Actually, I do have a sort of support group with the new friends I have made since moving to Mexico, most of whom are younger than me and don't seem to find me crotchety at all. I wonder how you would say "crotchety" in Spanish . . . 

I do hope to see you and your husband here in La Gran Manzana Mexicana one day soon.


----------



## mes1952 (Dec 11, 2012)

I'm hesitant to go anywhere in Mexico that is know for above-average violence. An entire family from California was attacked while visiting there recently so that makes me even more apprehensive about going to that area esp. traveling alone. I'm probably more adventurous than the average person but when I read recent news like that it reminds me there are plenty of places in Mexico with less violence involving tourists.
Oxnard Family Ambushed and Shot While Vacationing in Mexico | News - KEYT


----------



## mes1952 (Dec 11, 2012)

The problem here in Baja esp. Baja Norte that it is becoming oversaturated with American expats and many of them are not the type I want as acquaintances, i.e., what I call the "Ugly American". It will be interesting when I travel to the mainland to discover if expats there are the same as in Baja.


----------



## Isla Verde (Oct 19, 2011)

mes1952 said:


> I'm hesitant to go anywhere in Mexico that is know for above-average violence. An entire family from California was attacked while visiting there recently so that makes me even more apprehensive about going to that area esp. traveling alone. I'm probably more adventurous than the average person but when I read recent news like that it reminds me there are plenty of places in Mexico with less violence involving tourists.
> Oxnard Family Ambushed and Shot While Vacationing in Mexico | News - KEYT


That is indeed a scary and tragic tale. But the article doesn't say where in Michoacán the attack happened, whether in the dangerous Tierra Caliente or on the outskirts of Morelia. It just says that they were "driving down a road in the state of Michoacan".


----------



## TundraGreen (Jul 15, 2010)

mes1952 said:


> I'm hesitant to go anywhere in Mexico that is know for above-average violence. An entire family from California was attacked while visiting there recently so that makes me even more apprehensive about going to that area esp. traveling alone. I'm probably more adventurous than the average person but when I read recent news like that it reminds me there are plenty of places in Mexico with less violence involving tourists.
> Oxnard Family Ambushed and Shot While Vacationing in Mexico | News - KEYT


I found another article about that incident. There is speculation that it was a case of mistaken identity. One of the victims shares a name and appearance with a former border control agent who was convicted for shooting a drug smuggler.


----------



## TundraGreen (Jul 15, 2010)

Isla Verde said:


> That is indeed a scary and tragic tale. But the article doesn't say where in Michoacán the attack happened, whether in the dangerous Tierra Caliente or on the outskirts of Morelia. It just says that they were "driving down a road in the state of Michoacan".

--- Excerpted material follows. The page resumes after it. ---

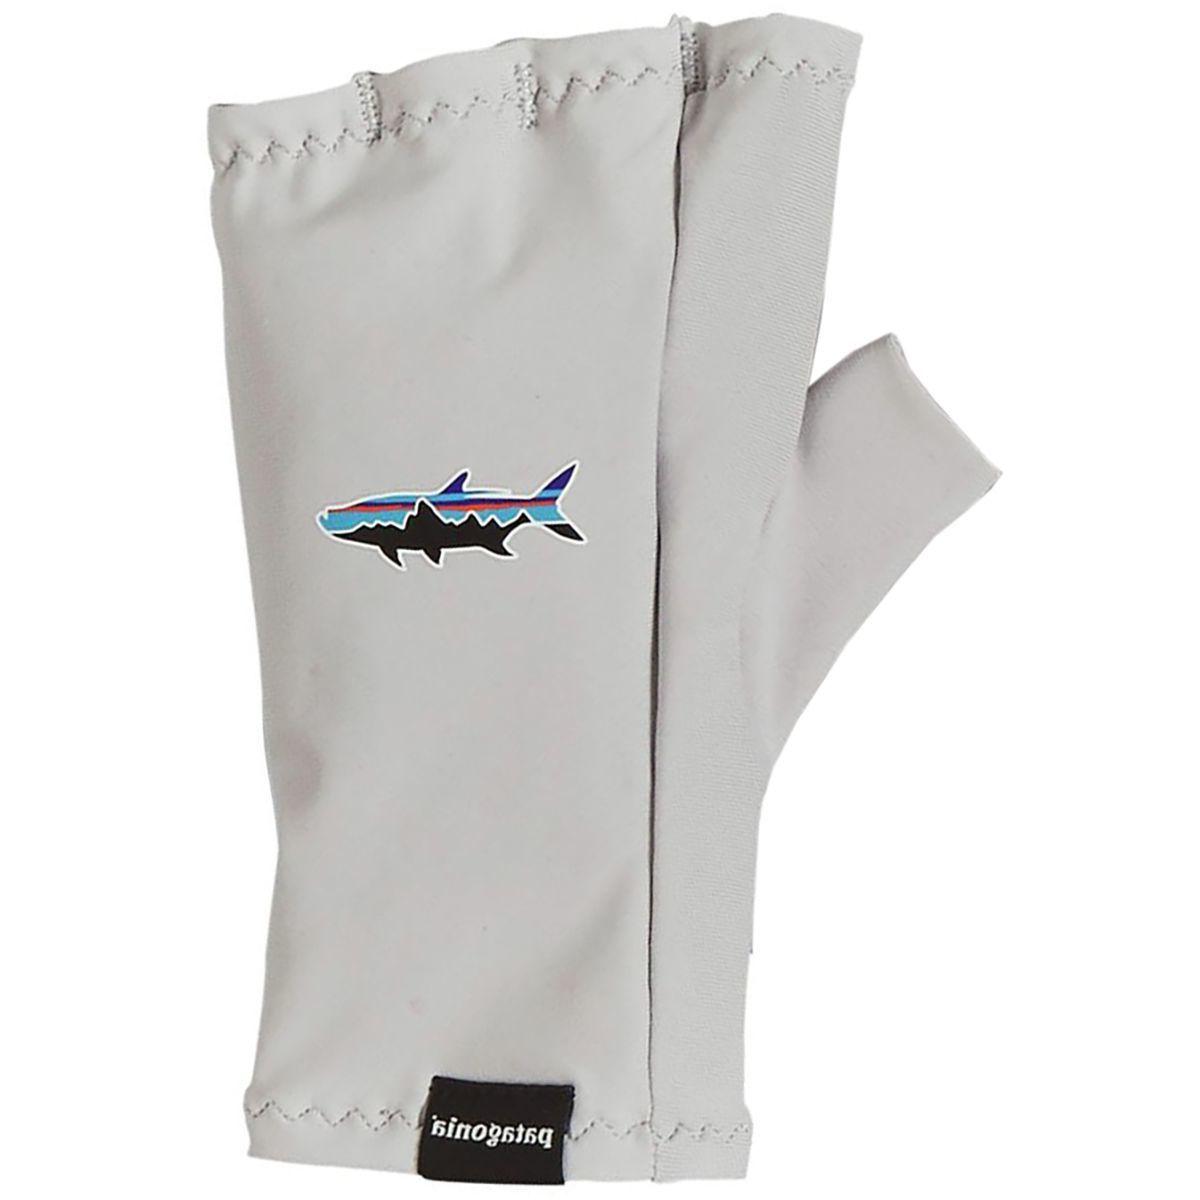 Patagonia Sun Glove - Women's

Apparently, it was in Periban, Michoacan. There are two Peribans in western Michoacan, one near the Jalisco border and the other near Uruapan. Coincidentally, the full name of one of them is Periban de Ramos. Ramos is the name of the family that was attacked and also the name of a border control agent that may have been the target.


----------



## mes1952 (Dec 11, 2012)

If I were to travel in any of those questionable areas I would definitely stay on the main highways esp. if traveling solo.


----------



## citlali (Mar 4, 2013)

It can happen but it is unusual for a tourist to be gunned down like these people were.


----------



## ojosazules11 (Nov 3, 2013)

Isla Verde said:


> I wonder how you would say "crotchety" in Spanish . . .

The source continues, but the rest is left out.